For new policies purchased on or after July 1, only medical, rehabilitation and attendant-care accident benefits remain mandatory within the accident-benefit package. Several benefits that were previously standard, including income replacement, became optional. Liability and other mandatory policy requirements still apply.

Do existing Ontario drivers automatically lose benefits at renewal?

No. FSRA says existing policyholders keep their current accident-benefit coverages at renewal unless they choose to remove optional benefits. Drivers should still check the renewal documents because only the coverage in force on the accident date applies.

Which accident benefits became optional?

Examples include income replacement, caregiver, non-earner, death and funeral, dependent care, indexation and certain additional expenses. Availability and limits should be confirmed with a licensed insurer or broker using the current policy wording.

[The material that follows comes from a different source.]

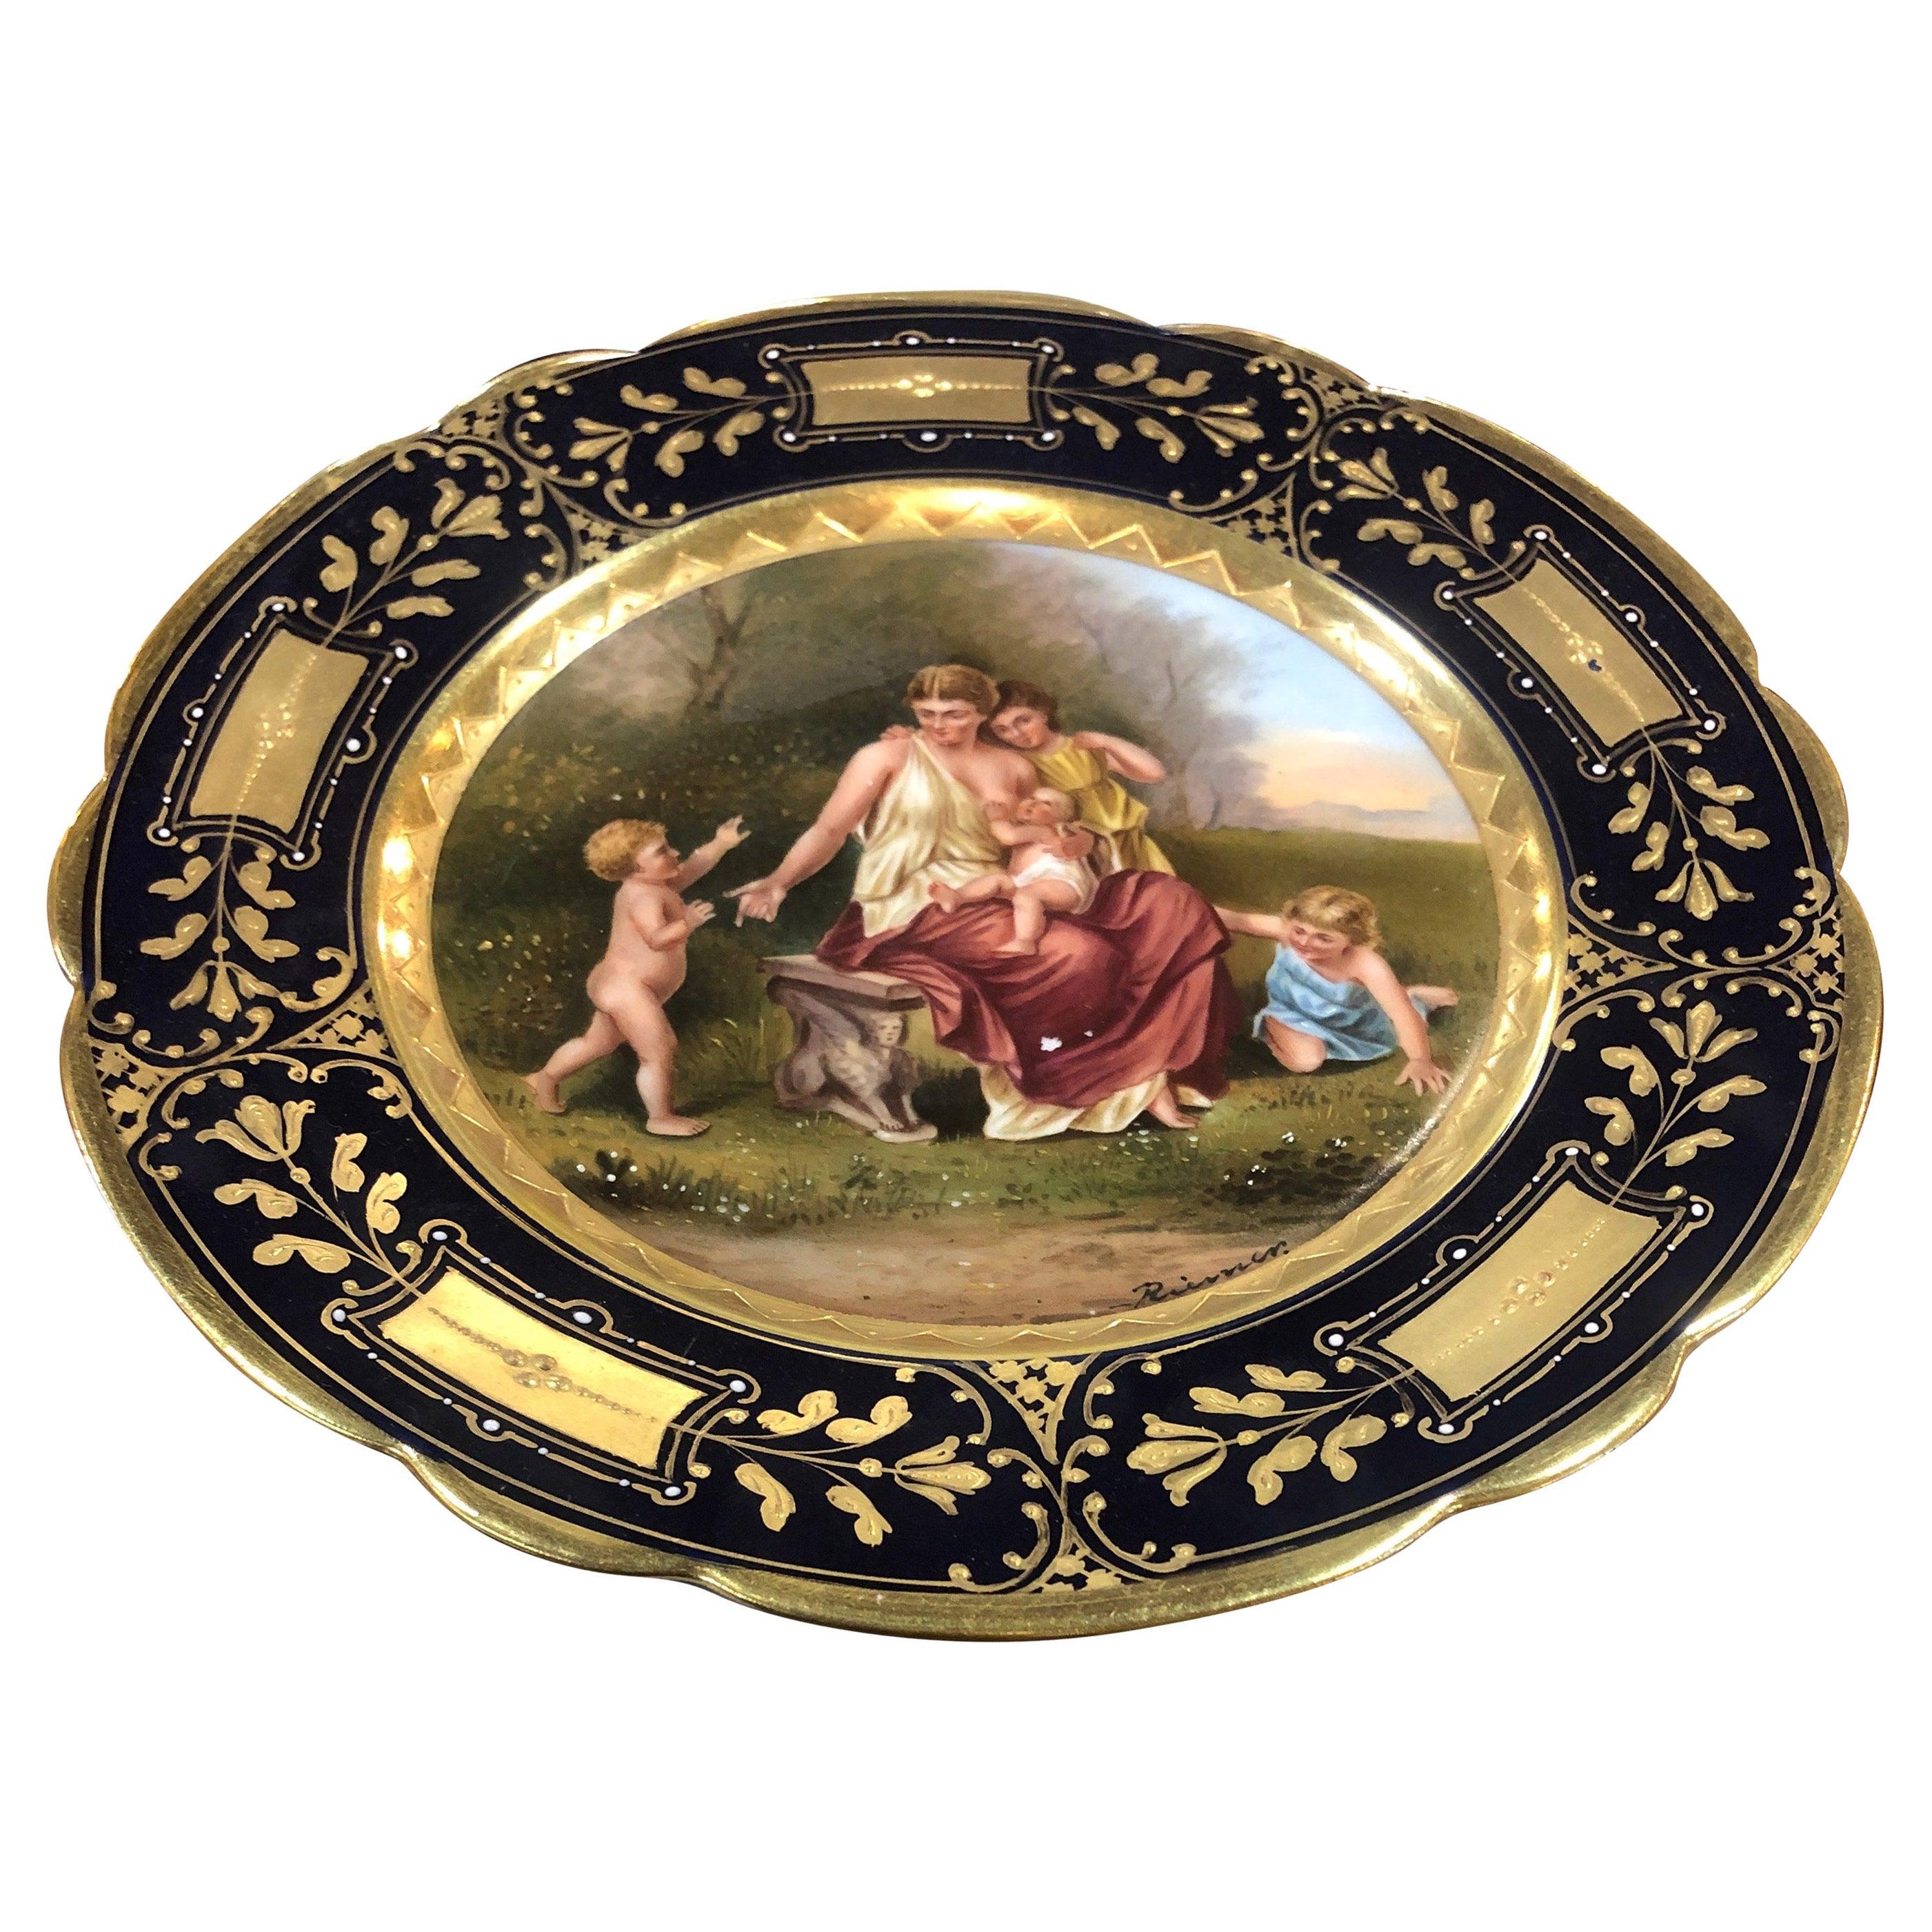 19th Century Biedermeier Porcelain Royal Vienna Hand Painted and Gilt, 1870s

Is third-party liability still mandatory in Ontario?

Yes. Ontario's minimum third-party liability requirement remains $200,000. The July change to accident-benefit choices does not turn liability insurance into an optional coverage. Many drivers choose a higher limit based on their risk and advice.

Will removing optional benefits always save a lot?

No. Savings depend on the driver, insurer and coverages removed. One broker quoted by CityNews estimated roughly $7 to $20 per month in some cases, but that is not a universal quote. Compare the confirmed annual saving with the income or family protection surrendered.